Those working in the local Columbia film industry know how to stretch a film budget and get by with a minimal crew. Working multiple jobs is the norm, so people often wear multiple hats on set to get the job done.
In the world of fiction where characters can pull off the impossible, the coronavirus has become an underlying unknown that heightens the stakes. This means that now, getting the job done might mean wearing a mask or staying socially distanced from other crew members.
All of these reasons are why Brian Maurer, filmmaker and MU IT professor, believes the Columbia film industry won’t be hit as hard by the pandemic as larger industries in Los Angeles or Atlanta.

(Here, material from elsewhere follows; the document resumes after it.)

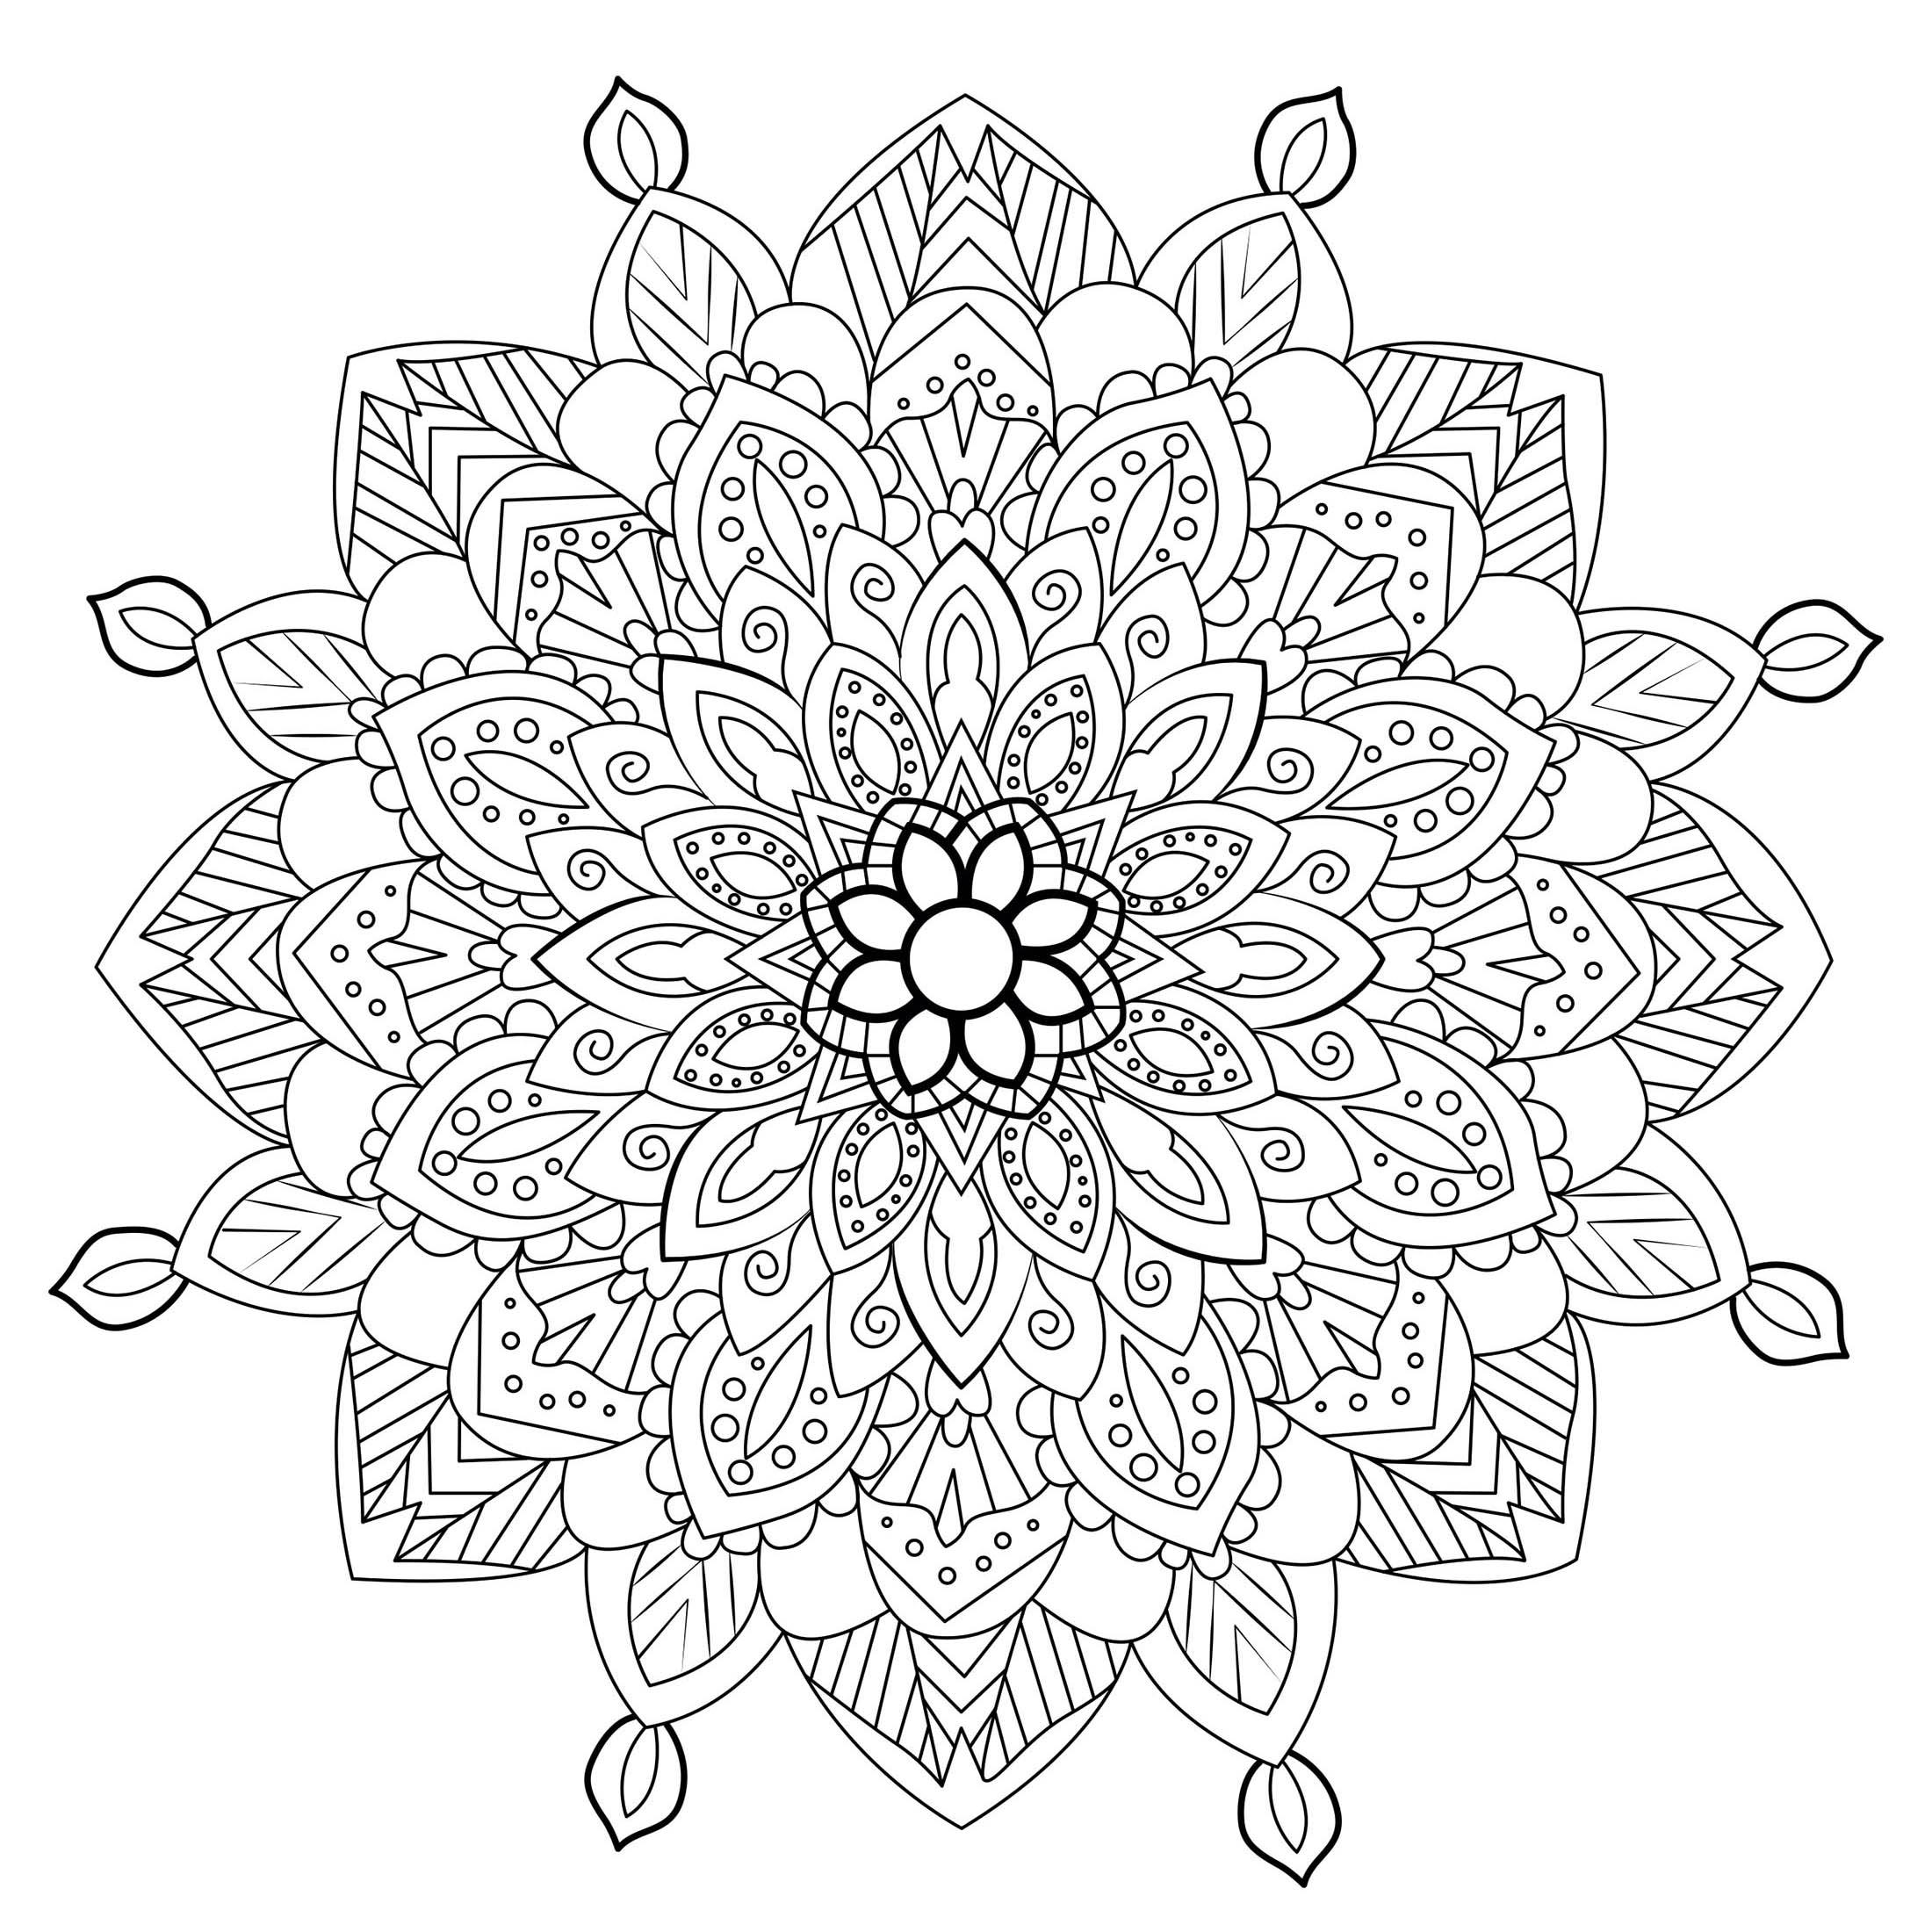 Zen & Anti stress Mandala 3 - M&alas Adult Coloring Pages
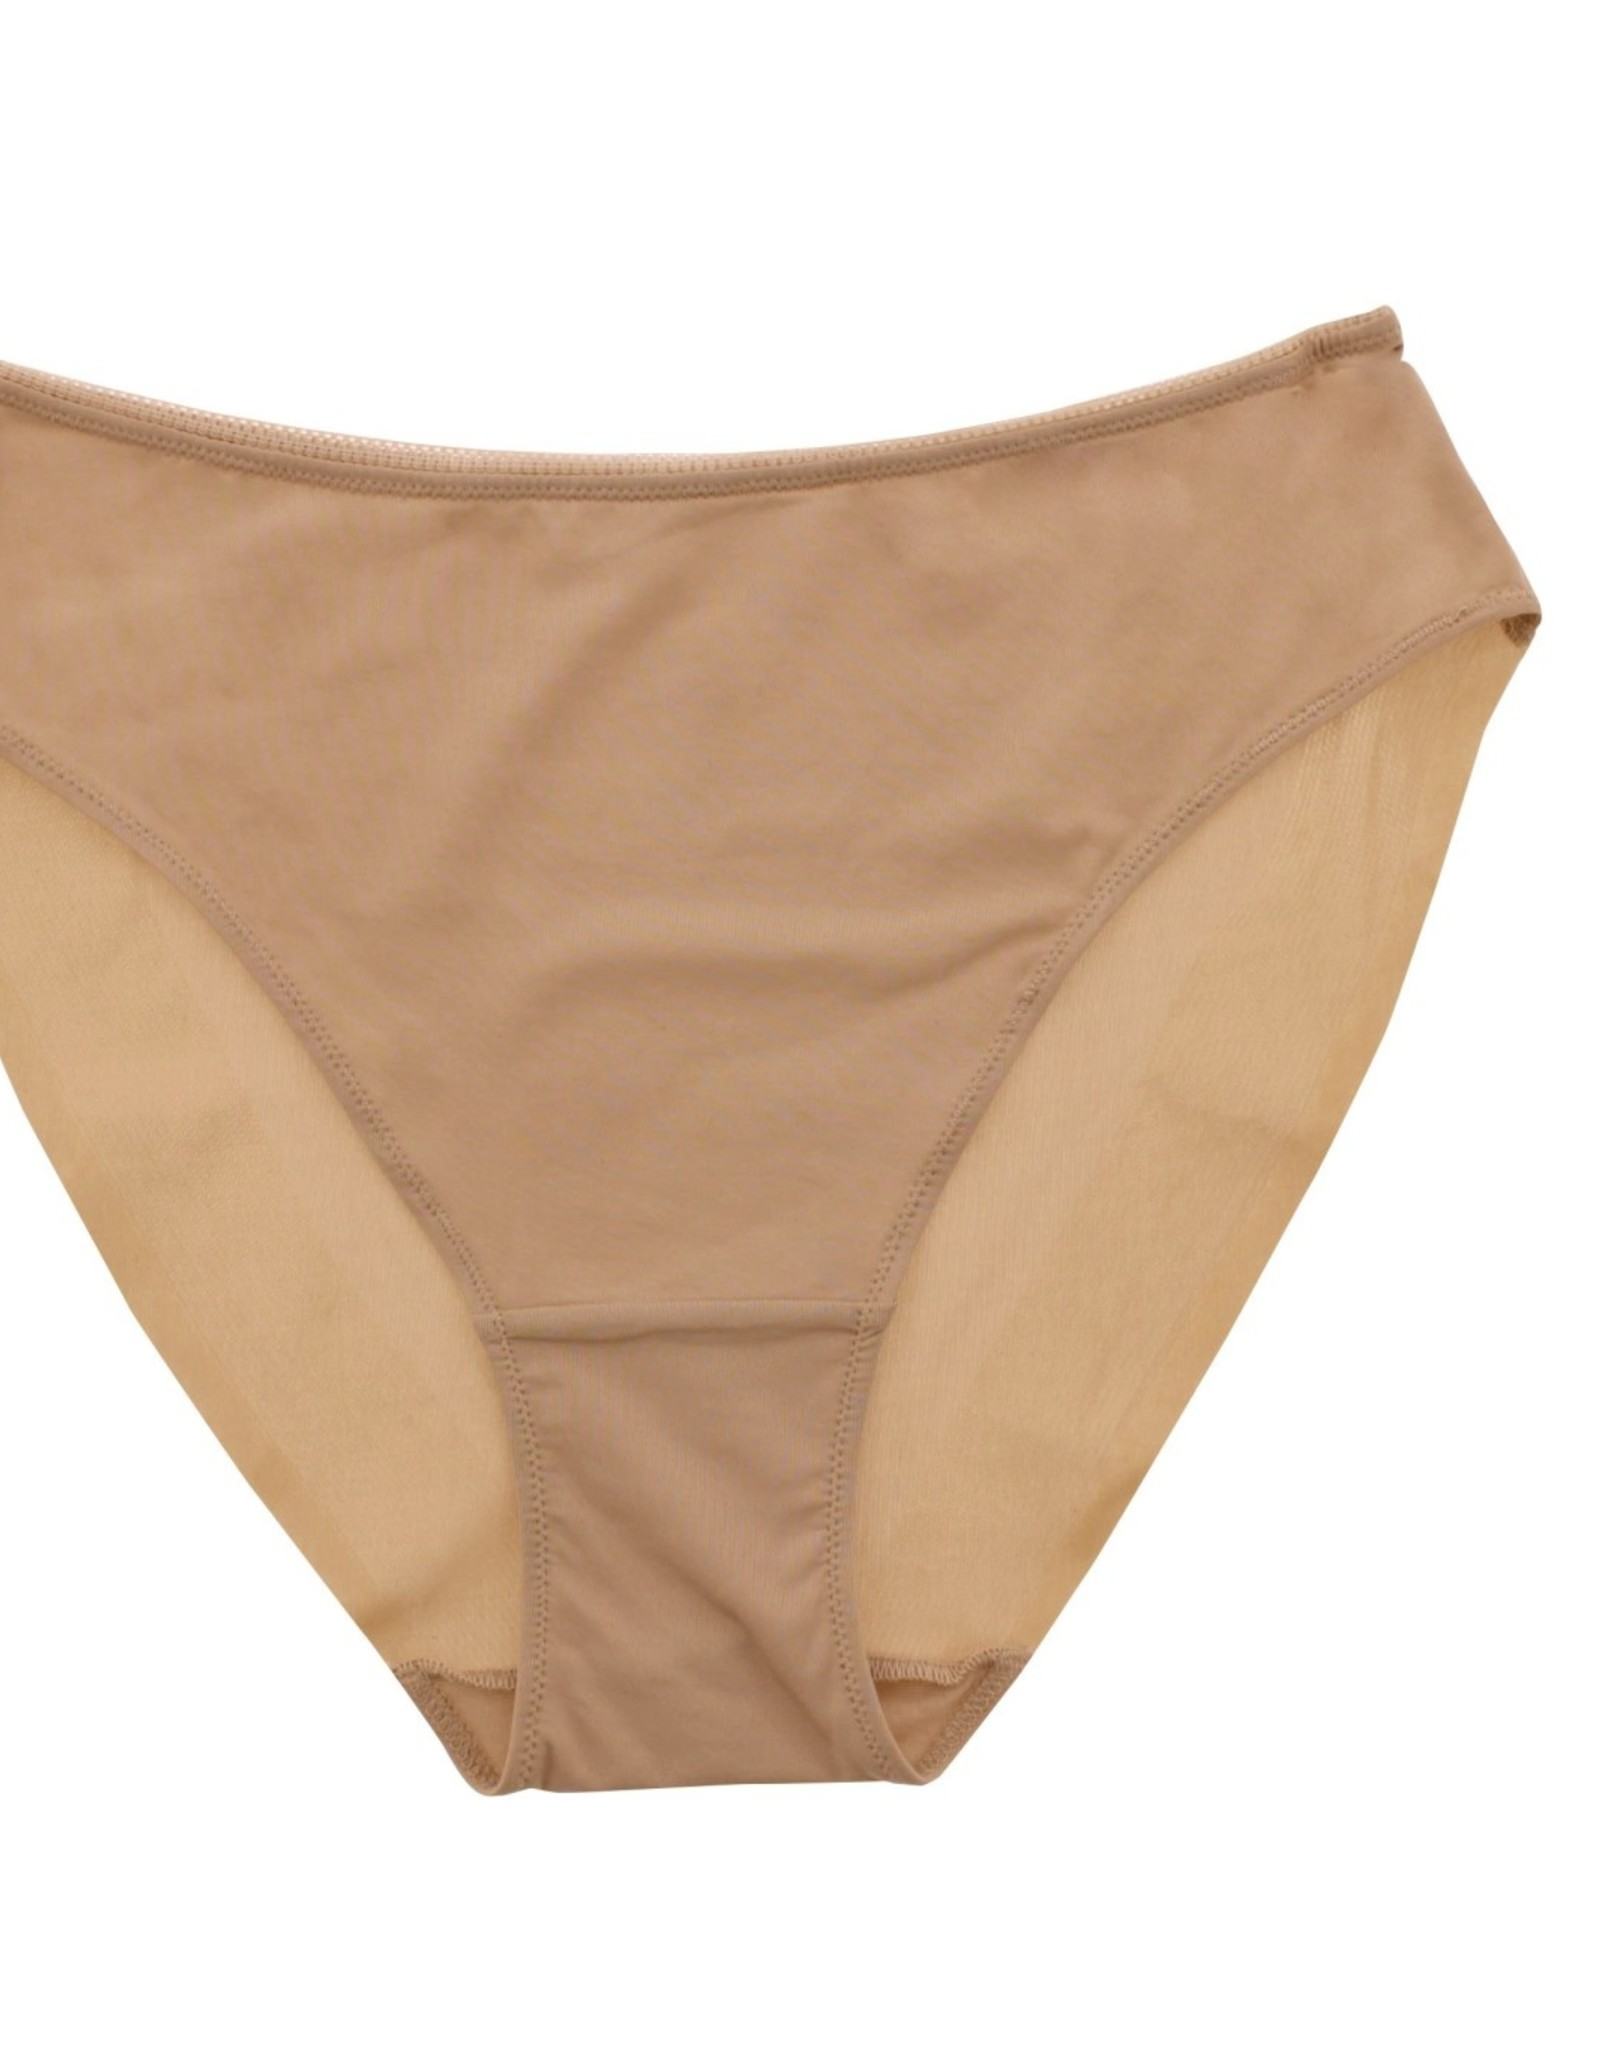 Montelle MO Nudies Modern Brief

“The work is here, but the paid jobs aren't here," Maurer says. "It's troubling because like, how do you jumpstart an economy of film production here in town when there's no money? It's not that I think that the industry won't come back. It's just we have a different kind of industry here. It's not really an industry. It's just the art world. So it's challenging.”
Despite the local film community being more nimble than larger industries, COVID-19 has still made an impact. Maurer says the biggest change will be funding. Many businesses may not be able to pay filmmakers and other individuals in the industry, which was already a problem in the first place.
“Nobody wants to pay writers," Maurer says. "Nobody wants to pay filmmakers. It's just sort of the, ‘Hey, why don't you go ahead and do it and get exposure?’ The good thing about that is filmmakers in the Midwest are jacks of all trades, and they do it so much cheaper than everybody else.”
During the summer, Chip Gubera, filmmaker and MU IT professor, would usually be working on a feature film. However this year, he opted to work on projects remotely when the coronavirus hit the state in March. One of the projects includes short videos filmed over Zoom with actors from L.A., which will be released on YouTube.
“The idea there is, number one, [to continue] creating and storytelling,” Gubera says. “My plan moving forward is to try and do these weird little experimental films with people I haven't worked with before from a distance using technology that we have.”
Others in the industry like Spectrum Studios' owner Randy Sinquefield have also become creative with production methods. Sinquefield was part of the team behind The Untitled Horror Movie, one of the first films shot entirely during quarantine.
“We basically were able to direct actors over a Zoom call and instruct them how to film their own scenes according to the scripts and the director of photography's wishes,” Sinquefield says. “So it was a really, really interesting and unique project.”
Like most businesses, Spectrum Studios had to halt operations after its clients cancelled their bookings for the year. However, by making a few technical changes, the production house was able to continue broadcasting content like professional chess tournaments.
“We gave our on-camera talent training, so they could operate their own lighting and microphones and their camera position,” Sinquefield says. “It may actually permanently affect the way we do things.”
As filmmakers and freelancers continue to carve their own paths in the local industry amid coronavirus concerns, Maurer expects existent mental health issues in the field will be exacerbated.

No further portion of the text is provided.